Italian Bond Yields Skyrocket

Italian Bond Yields Skyrocket

Investors began to abandon Italian bonds in droves last week as fears intensified that Italy would be the next Eurozone country to experience a debt crisis. As I wrote last week, Italy has a national debt of €1.9 trillion ($2.6 trillion) compared to Greece’s €355 billion. Italy has the eighth largest economy in the world based on GDP and the fourth largest in Europe. Its annual GDP was just over $2 trillion in 2010.

Yields on 10-year Italian bonds soared to 7.4% in late trading in Rome today, a high for the euro era, in the latest sign that investors are fast losing faith in the world’s third-largest sovereign-bond market. Yields might have risen even higher in the past week but for heavy bond buying by the European Central Bank. Another reason for the jump in Italian bond yields is that international clearing house LCH.Clearnet raised margin calls on Italian bonds, making them more expensive to trade.

Unsustainable

With the cost of Italian debt soaring, the euro is plummeting and the large-scale debt crisis that we have all been fearing appears to be unfolding before our eyes. At rates of 7-8%, more investors may decide to head for the exits, and Italy could find itself unable to raise sufficient money in the bond markets.

Given the sheer size of Italy’s debt, it may require huge international assistance. The funds potentially available to Italy from Europe and the International Monetary Fund are unlikely to meet Italy’s needs, however. Failure to halt the crisis could lead, in the worst case, to an Italian debt default that cripples Europe’s banks, plunges the region into a slump and roils the global financial system.

Investors Losing Confidence in Italian Debt

With Italian bond yields surging higher, analysts say Italy is at the brink of being unable to afford to borrow in the public markets. Italy has long relied on the fact that its debt level, although high at 120% of GDP, isn’t rising much thanks to Rome’s relatively small budget deficit. But the country still needs to borrow hundreds of billions of euros a year to repay its debts coming due.

Next year, Italy must borrow enough money to repay more than €300 billion in maturing debts and cover a targeted budget deficit of up to €25 billion. If investors aren’t willing to lend Italy such sums, Europe will have to prop up the country with all the money it can muster—with help from the IMF – or risk a global financial crash.

A failure by Italy to honor its debts on time is currently considered a remote prospect, precisely because its impact on Europe’s banking system and other government bond markets would be so disastrous.
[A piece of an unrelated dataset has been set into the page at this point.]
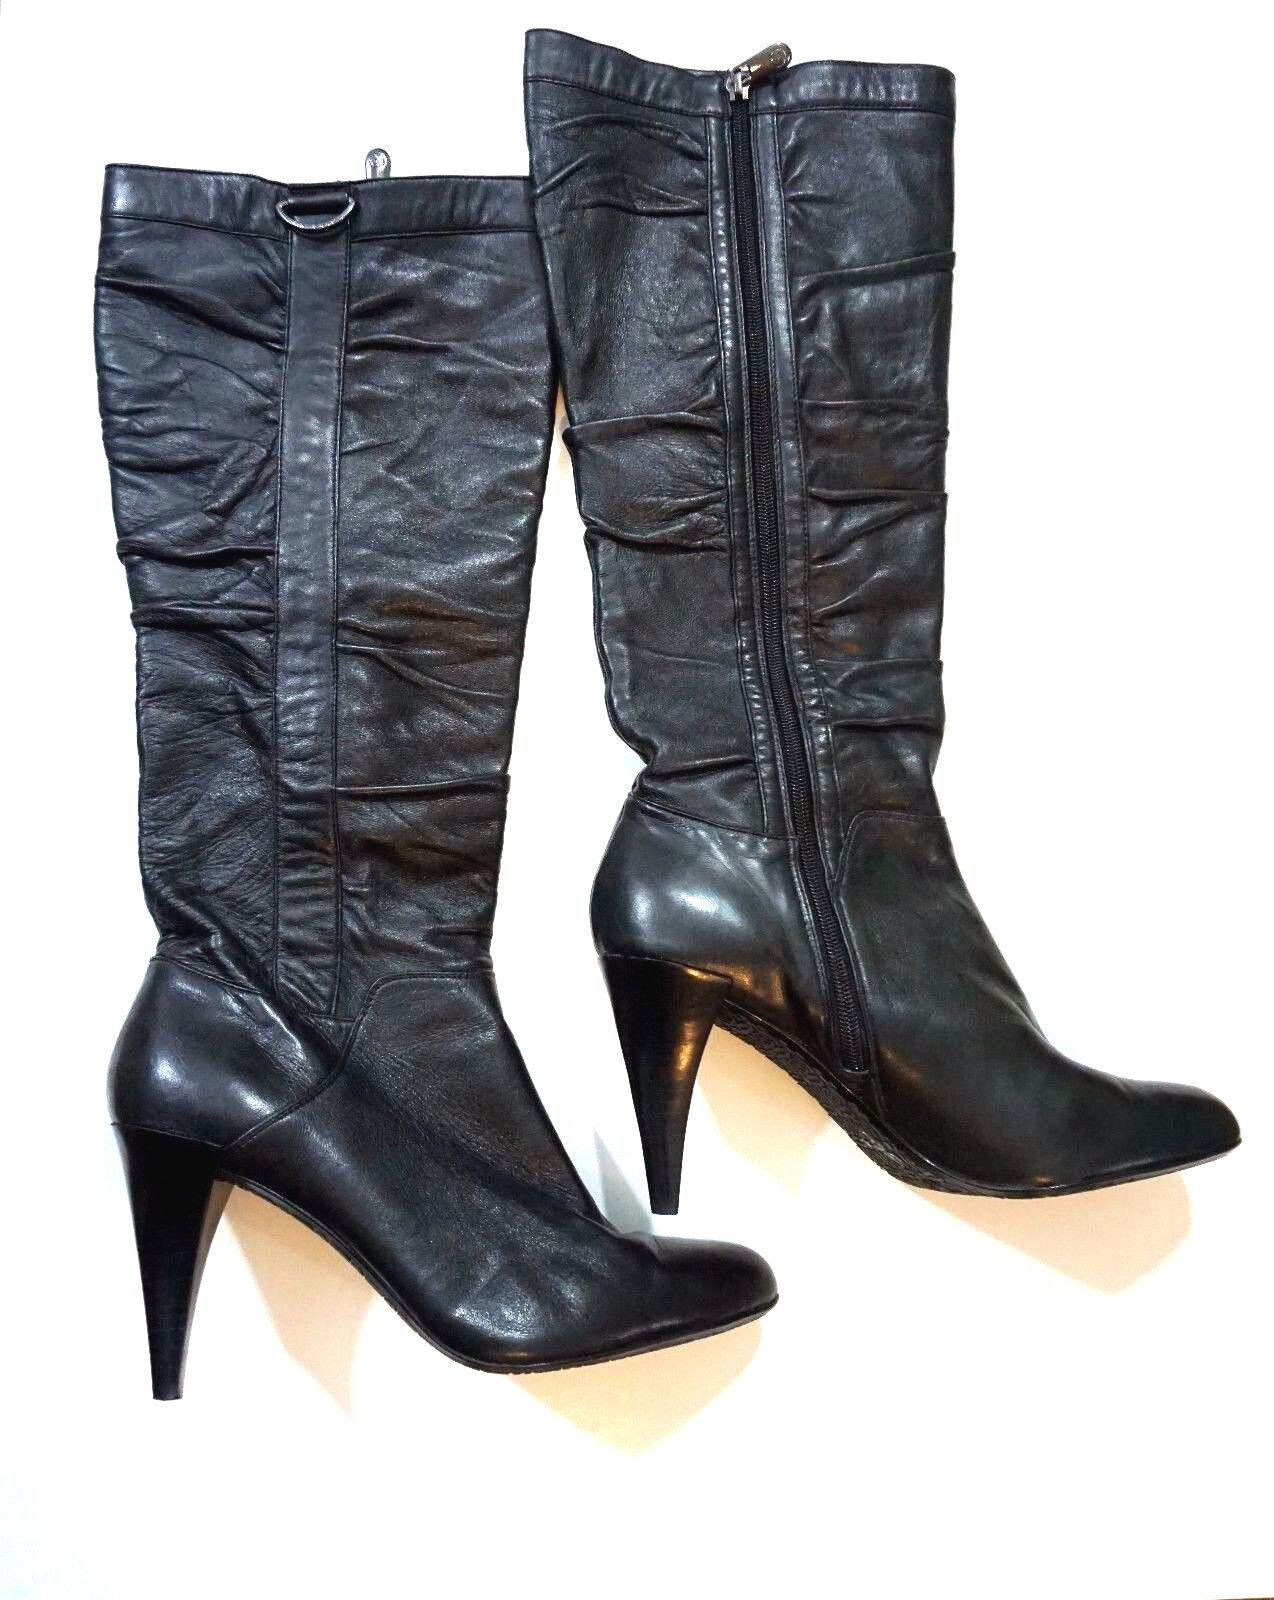 Adrienne Vittadini Sunny bottes femme bottes cuir noir 9.5

But it is certainly not as remote a possibility as just a few months ago. European policy makers are scrambling to draw up contingency plans (ie – a bailout) in case Italy can’t attract enough private capital.

So far, Italy has been able to attract buyers for its debt, albeit at rising costs. When Italy launched a new 10-year bond in August, it paid buyers a yield of 5.22%. When it sold more of the same bond in October, the yield demanded was 6.06%. Today it went to 7.4%.

A short-term spike in borrowing costs is a manageable problem for Italy, since only a small part of its debts need to be refinanced at a given time. The problem isn’t necessarily higher yields, but investors’ appetite for holding Italian debt at all. Many investors now fear that Italian bonds will lose further value, inflicting losses on them. This could leave the government with too few buyers of new bonds.

According to the Italian Treasury website, Italy has almost €59 billion in total maturing debt in November and December, some of which has already been rolled over during the last two weeks. The Treasury estimates that it will have to sell apprx. €325.8 billion in various debt over the next 12 months ending in October 2012.

Most importantly, the Italian Treasury has reportedly decided to go ahead with an auction of $5 billion in T-bills tomorrow. With yields on 10-year bonds surging to 7.4% today, it will be critical to see what yields do tomorrow. If Italian yields continue to rise, expect to see some very ugly markets tomorrow morning!

I’ll keep you posted with additional blog posts as needed in the next few days.